For small and mid-sized insurers, compliance with the Model Audit Rule (MAR) requires an enormous lift from the internal audit function. A proactive mindset can reduce the long-term cost and headache associated with compliance, but it requires a well-executed and strategic approach. If your organization is making first-time preparations for MAR compliance, or is preparing to make improvements upon its current annual MAR compliance program, you should consider the following four questions:
1. Are your accounting policies documented and understood throughout the company?
Having well-documented accounting policies is, of course, a provision of the MAR. It can be one of the most time-consuming and difficult tasks for insurers preparing for MAR for the first time - particularly for those insurers without an in-house internal audit or risk management function. In some cases, existing policies may be sufficient, but in others, entirely new policies and procedures must be created to complete the assessment. Because of the demands this can place on your organization, we advise that insurers begin the policy and procedure assessment well in advance of pursuing MAR compliance. By evaluating and improving existing policies and procedures, your organization can begin to improve its governance culture, even before actively pursuing MAR compliance.
2. Are your internal controls adequate to detect and report errors and fraud?
One of the stated goals of the MAR is to help insurers minimize the likelihood of fraud and errors. To do this, management must demonstrate that their control environment is effectively designed, and that key controls are in place for a number of important processes, including corporate governance, underwriting, losses and loss reserves, reinsurance, operating expenses, etc. In addition, insurers must account for the risks and controls of the IT systems that play a role in the production of their annual financial statements. Assessing the control environment and remediating deficiencies can be a challenge, but it can also be a rewarding and valuable exercise for growing companies, as it sets the stage for more effective fraud mitigation and simplifies compliance with a number of common regulations, including both MAR and SOX.

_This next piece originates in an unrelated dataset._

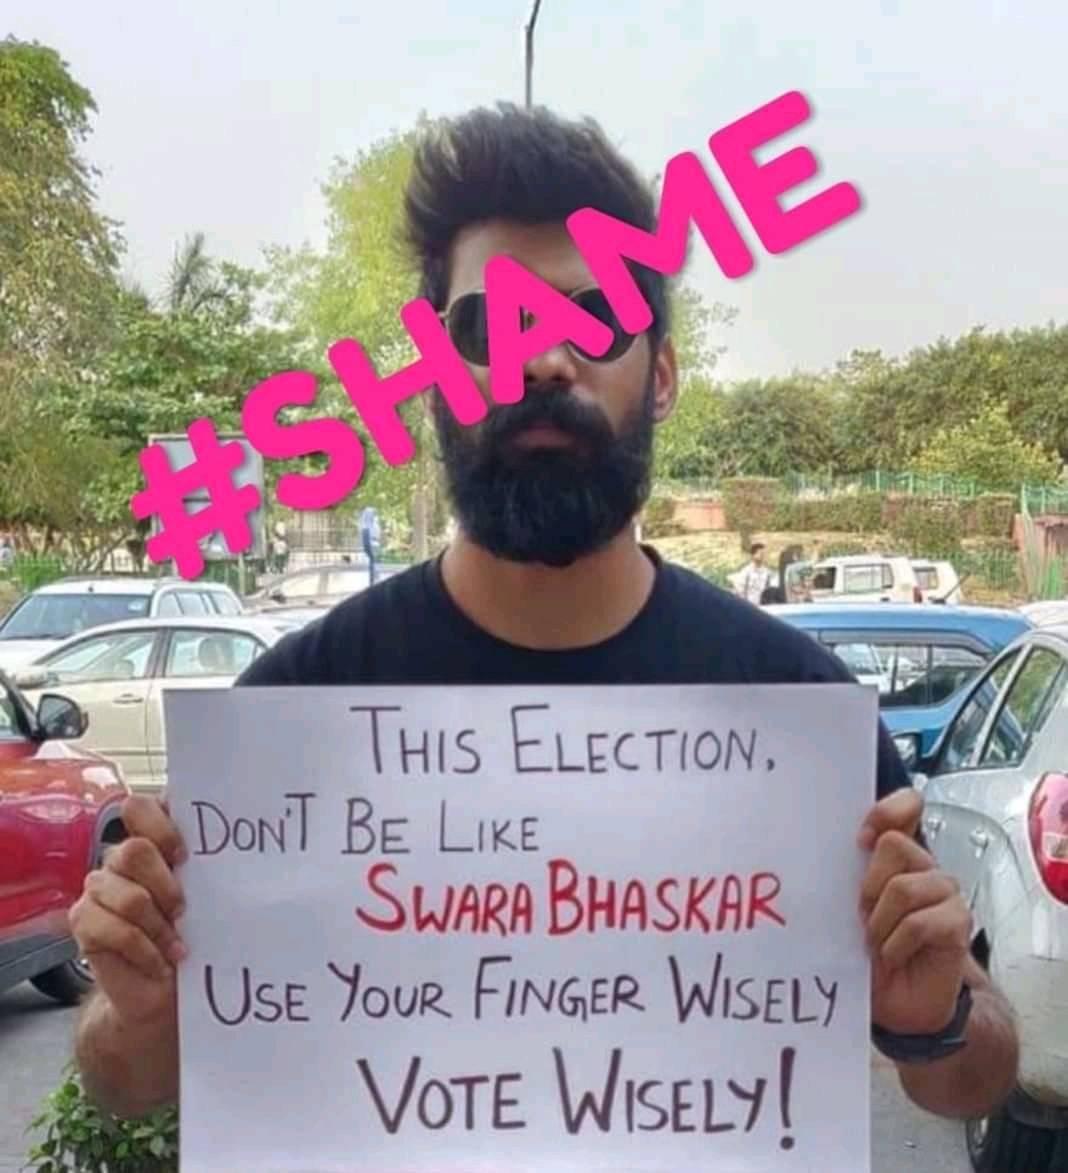 Poster shame against Swara Bhaskar

3. Are key performance metrics being maintained?
Once your policies have been documented and controls have been effectively designed, it is time to begin tracking your key performance metrics, including solvency, loss ratios, liquidity, and profitability rations. In theory, insurers of all sizes and in all stages of MAR compliance should be tracking these metrics, but in practice, it often requires more legwork than smaller insurers are able to supply. As your organization nears MAR compliance or prepares to advance to the next tier, it is important to reevaluate your performance metrics to confirm that they are accurately and consistently measuring the aspects of your business that are of the most interest to regulators. Proactively implementing and confirming these metrics will save a significant amount of time and effort during the MAR compliance process.
4. Are company risks, controls and compliance activities continuously assessed?
MAR encourages insurers to build a culture that emphasizes continuous monitoring. Key controls, in particular, should be regularly assessed to confirm that they are operating effectively, and remain adequate and appropriate for the risks they are mitigating. Management should use discretion when building an action plan for ongoing monitoring of these controls, with priority given to controls that cover high-risk activities. These controls should be assessed annually, at a minimum, while lower-risk controls may be assessed every three years. Insurers with no existing documented plans for continuous assessment should begin to develop a regular assessment plan, starting with the documentation of any informal practices that may exist within the organization.
With MAR, just as it is with SOX, internal audit is the most important function when it comes to achieving and maintaining compliance. Too many companies wait for external auditors and regulators to find problems, and then suffer through time-consuming and expensive remediation. Your internal audit function can be the key to identifying these issues before the external auditor does, allowing your organization to remediate according to your own timelines and budget. If your organization lacks a defined internal audit department, identifying a trusted outsourced provider such as Focal Point can make the difference between a smooth compliance process and one that is exceedingly expensive and disruptive to your business.